И лед тронулся. Вовсю начали разрабатывать презентацию для показа в Штатах.
Хлопот значительно прибавилось, и со всей четкостью вырисовывалась будущая неизбежная командировка.
И вот, в тиши новогодней ночи, обняв разомлевшего Коську за плечи и крепко прижав к себе, Лекс наконец-то решился завести разговор о скором отъезде.
- У меня может быть сколько угодно замов, но лучше меня самого никто не убедит, что все в порядке.
Коська согласно кивнул и ласково потерся затылком о плечо Лекса. С удовольствием чувствуя, как сильнее сжимается кольцо рук вокруг него.
Он был слишком рад за Лекса, чтобы показать, как встревожили сердце слова о скором расставании.
Первая командировка, СМС о приземлении в Джэксонвилл, и странное, необоснованное ощущение потери.
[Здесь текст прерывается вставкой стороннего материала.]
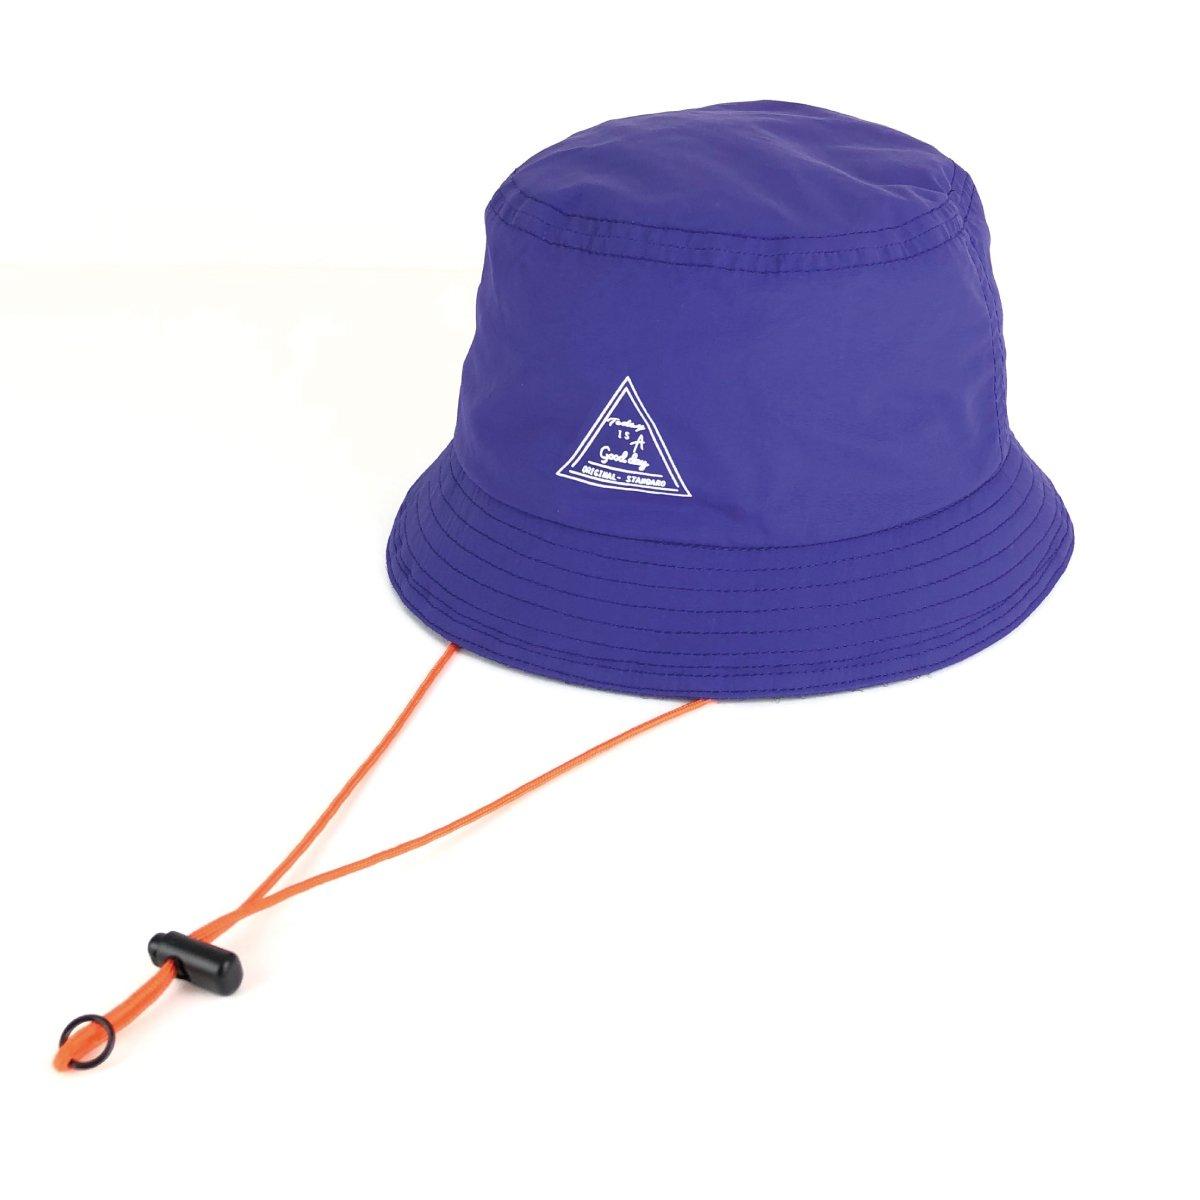 【KIDS】Kids Obey Hat 詳細画像5

Коське одиноко и непривычно понимать, что Лекс не вернется вечером и ждать его бессмысленно. Уже на третий день он бестолково слонялся по квартире не в силах сосредоточиться на уроках. С легкой тоской сознавая, что за пару лет совместной жизни разучился жить без Лекса. Перестал быть "сам по себе, своим собственным мальчиком"*, растворившись в своих чувствах к Лексу. Наткнувшись взглядом на висящий в ванной халат, вжался лицом в синий материал, вдыхая родной запах, затерявшийся в мягких складках. И поддавшись порыву, скинул с себя футболку и домашние штаны, стянул халат с вешалки и надел, чувствуя скольжение ткани по своему обнаженному телу.
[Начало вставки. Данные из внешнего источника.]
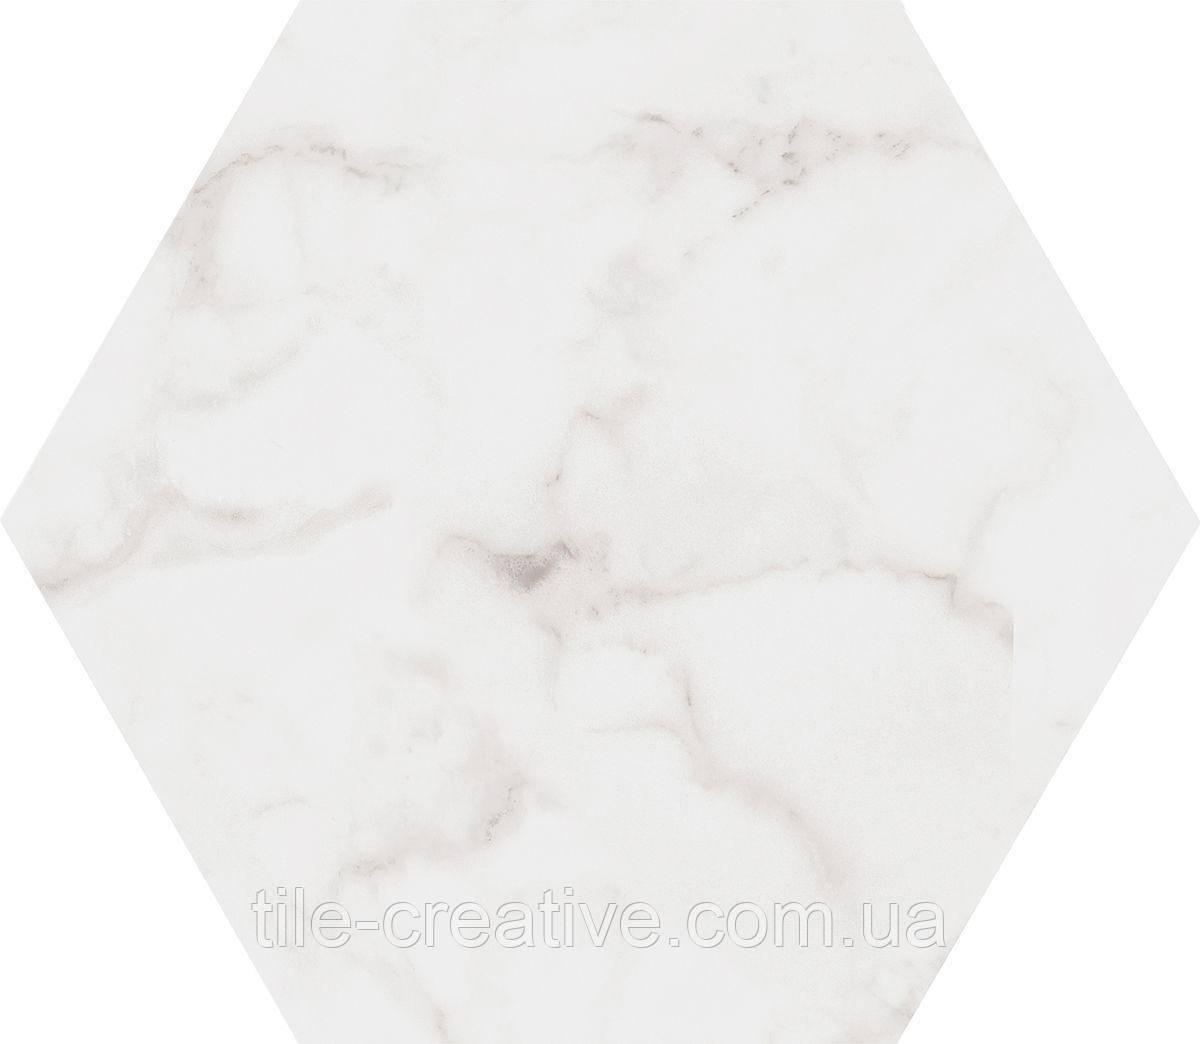 Керамическая плитка Эль Салер белый20x23,1x6,9 24020

Когда Лекс связался с ним по скайпу, чтобы пожелать спокойных снов, Коська уселся перед камерой, подложив под себя ногу, в одном лишь халате. Тот велик ему и периодически сползает с плеча. Коська, заметив заинтересованный взгляд, провоцирующе провел по груди рукой и еще ниже опустил ворот, поводя обнаженным плечом. Лекс демонстративно зарычав, облизнулся и со смехом спросил разрумянившегося любовника:
- Как же там без меня справляется мой любимый мальчик? Смотри у меня, Кось, чтоб никаких любвеобильных однокурсников рядом с тобой не завелось!
- Какие еще однокурсники? - Коська искренне удивился. - Я за всё время ни одного даже в лицо не запомнил. О чём, ты?
Лекс подмигнул в ответ и одобрительно качнул головой.
- Ну, ну, я жду продолжения представления.
И Коська продолжил импровизированный стриптиз, с удовольствием следя за жадным взглядом, ласкающим его с экрана ноутбука. И почувствовал, как сладко закружилась голова, когда прощаясь, - от разницы во времени никуда не деться, - на своё: "Люблю тебя. До завтра", - неожиданно услышал:
- И я тебя, малыш. Не скучай.
Лекс завершил связь, а Коська захлопнув крышку ноутбука, раскинулся на кровати и в томной неге запустил руку под полу халата, поглаживая разбуженную собственными фантазиями плоть. В мыслях чарующей мелодией звучали последние слова Лекса, отгоняя любые сомнения и тревоги. Любит... Какие могут быть однокурсники, разве кто-то еще существует вокруг, когда есть Лекс. Для него существует только Лекс. Навсегда Лекс.
Москва встретила Васильева оттепелью и противным моросящим дождиком.
Возвращался он позже, чем планировал и, едва поздоровавшись со своим водителем, плюхнулся на заднее сидение к сидящему там Коське. При взгляде на светящееся лицо, не выдержал, накинулся на него прям в машине, схватив - грубо, жадно, прижался к губам, кусая, зализывая и чувствуя ответный трепет.
А Коська успокоено отогнал от себя, не дающие покоя в последние дни, тревожно звенящие в сердце колокольчики. И хотя не позволил ничего лишнего при водителе, счастливо уткнулся мордочкой Лексу в ворот черного влажного плаща.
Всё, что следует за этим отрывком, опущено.